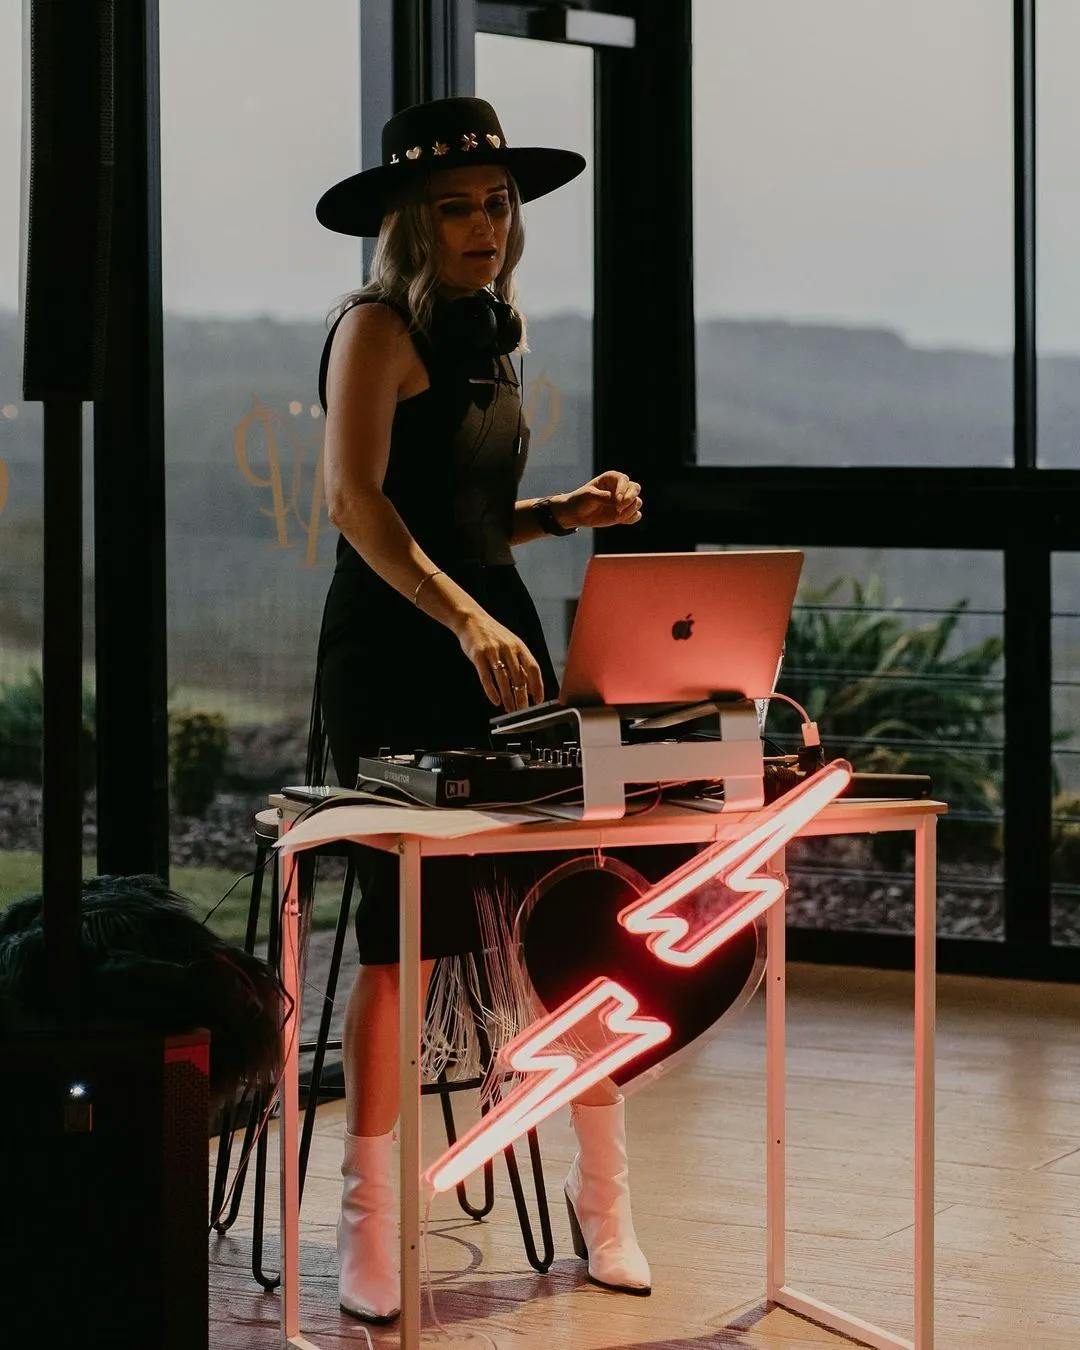 A DJ wearing a black dress, wide-brimmed hat, and white boots stands behind a table with a laptop and DJ equipment. The table is decorated with a neon light shaped like lightning bolts. The background shows large windows overlooking a landscape.
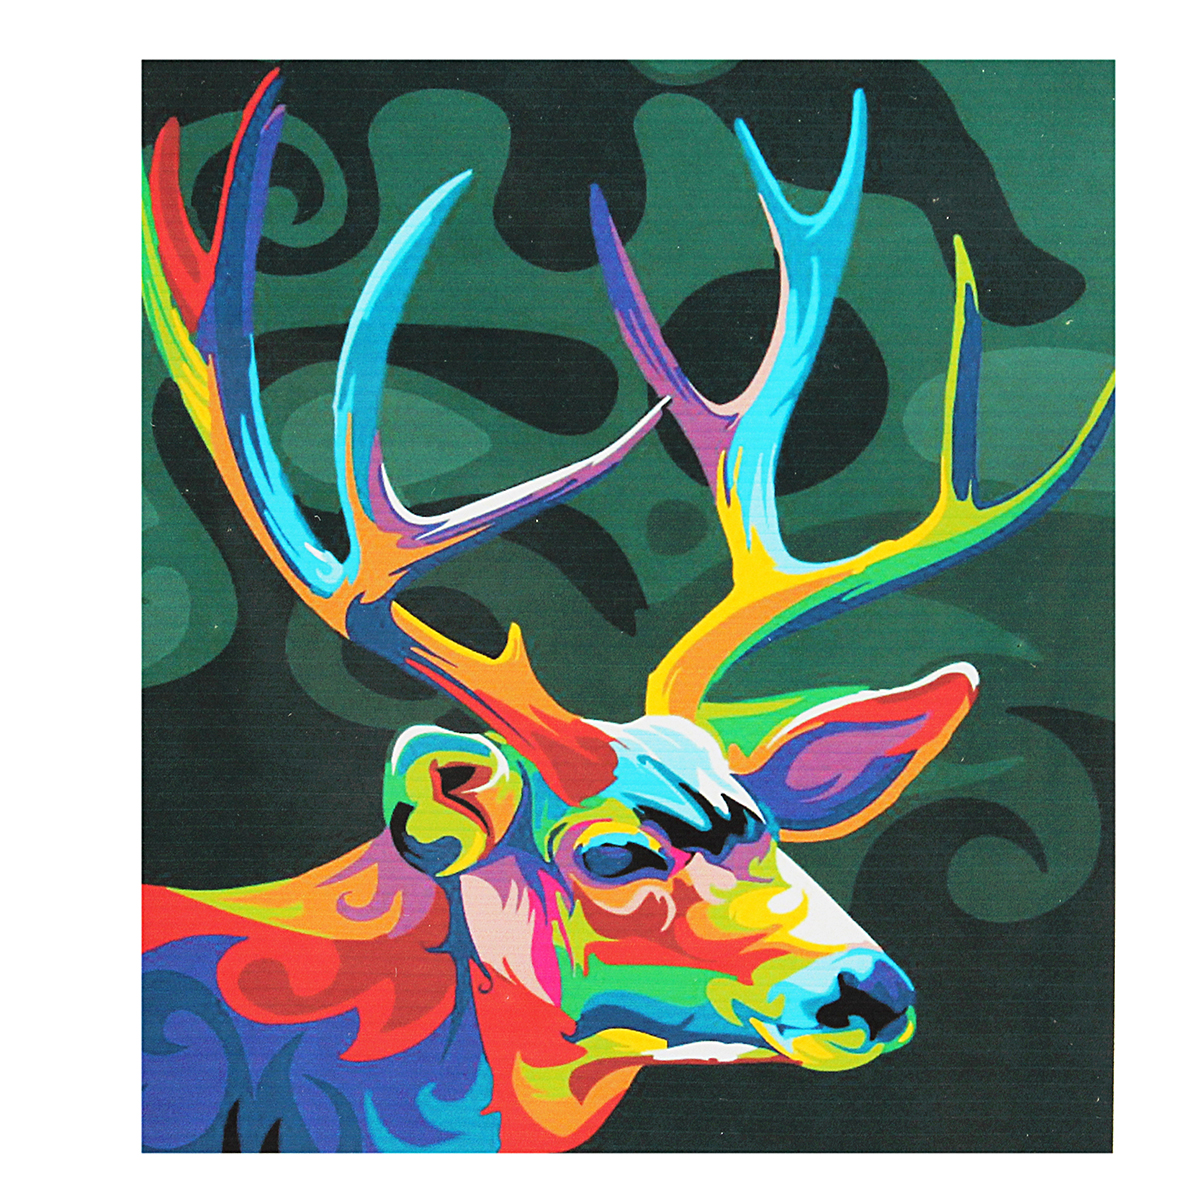 Multicolor-Deer-Oil-Painting-Set-By-Number-Kit-DIY-Pigment-Painting-Art-Hand-Craft-Tool-1733486-1
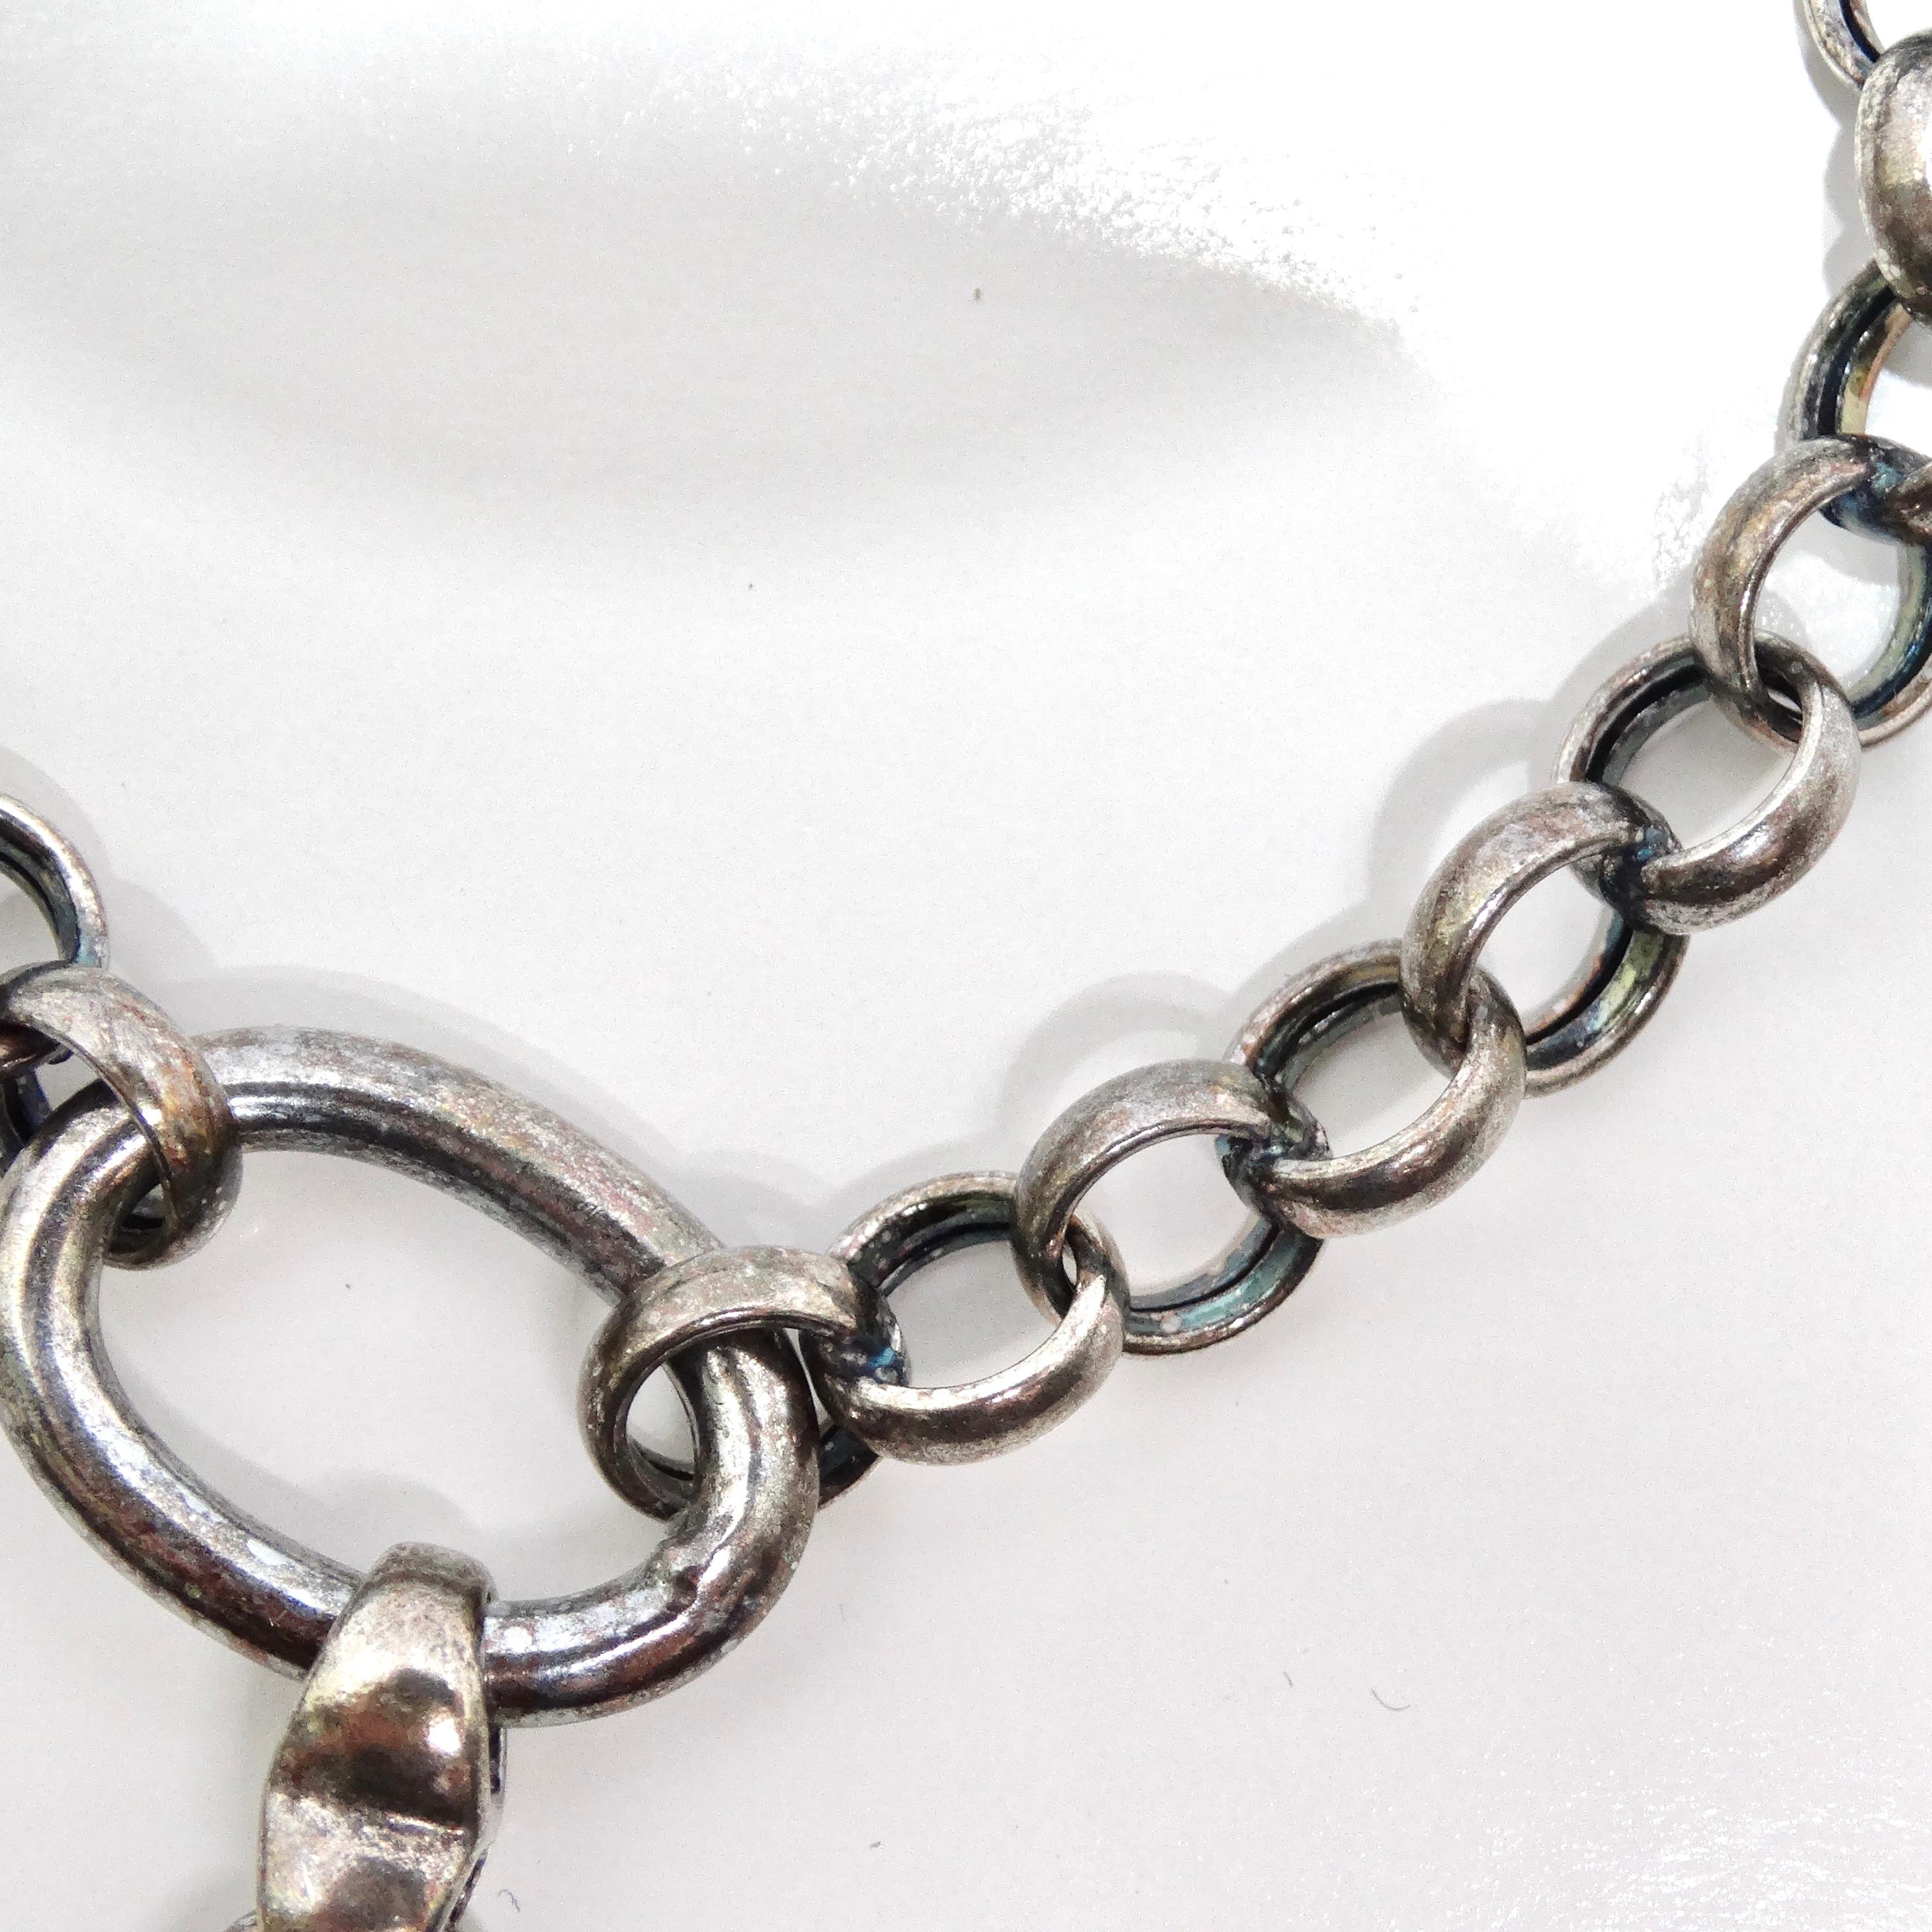 1970s Solid Silver Heart Charm Bracelet In Good Condition For Sale In Scottsdale, AZ

◆ **Exercise directions**:
Only the listing above, set down exactly and without pictures, belongs in the answer.

◆ **Reply to the task**:
 A DJ wearing a black dress, wide-brimmed hat, and white boots stands behind a table with a laptop and DJ equipment. The table is decorated with a neon light shaped like lightning bolts. The background shows large windows overlooking a landscape.
 Multicolor-Deer-Oil-Painting-Set-By-Number-Kit-DIY-Pigment-Painting-Art-Hand-Craft-Tool-1733486-1
 1970s Solid Silver Heart Charm Bracelet In Good Condition For Sale In Scottsdale, AZ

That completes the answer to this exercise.